- **MATERIAL PROVIDED**:
· · · ·
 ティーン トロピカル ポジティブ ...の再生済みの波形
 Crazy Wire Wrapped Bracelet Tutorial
· · · ·
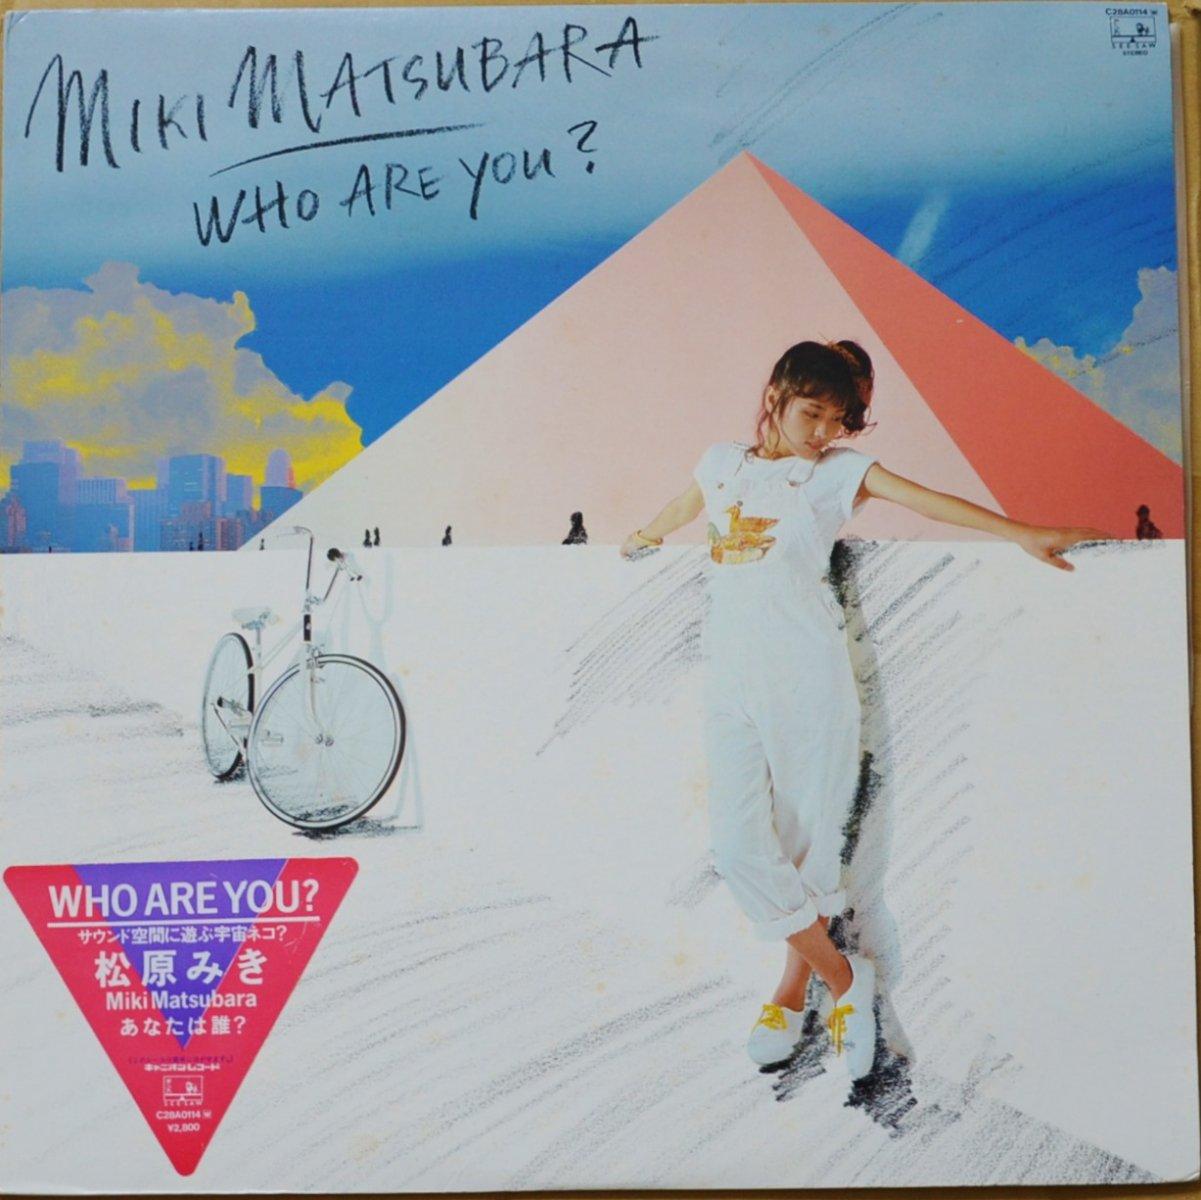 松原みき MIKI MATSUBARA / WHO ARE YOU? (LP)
· · · ·
- **GOAL OF THE EXERCISE**: Repeat, character for character, the lines of the material above from the line with "ティーン トロピカル ポジティブ ...の再生済みの波形" through the line with "Crazy Wire Wrapped Bracelet Tutorial".

- **SOLUTION TO THE PROBLEM**:
 ティーン トロピカル ポジティブ ...の再生済みの波形
 Crazy Wire Wrapped Bracelet Tutorial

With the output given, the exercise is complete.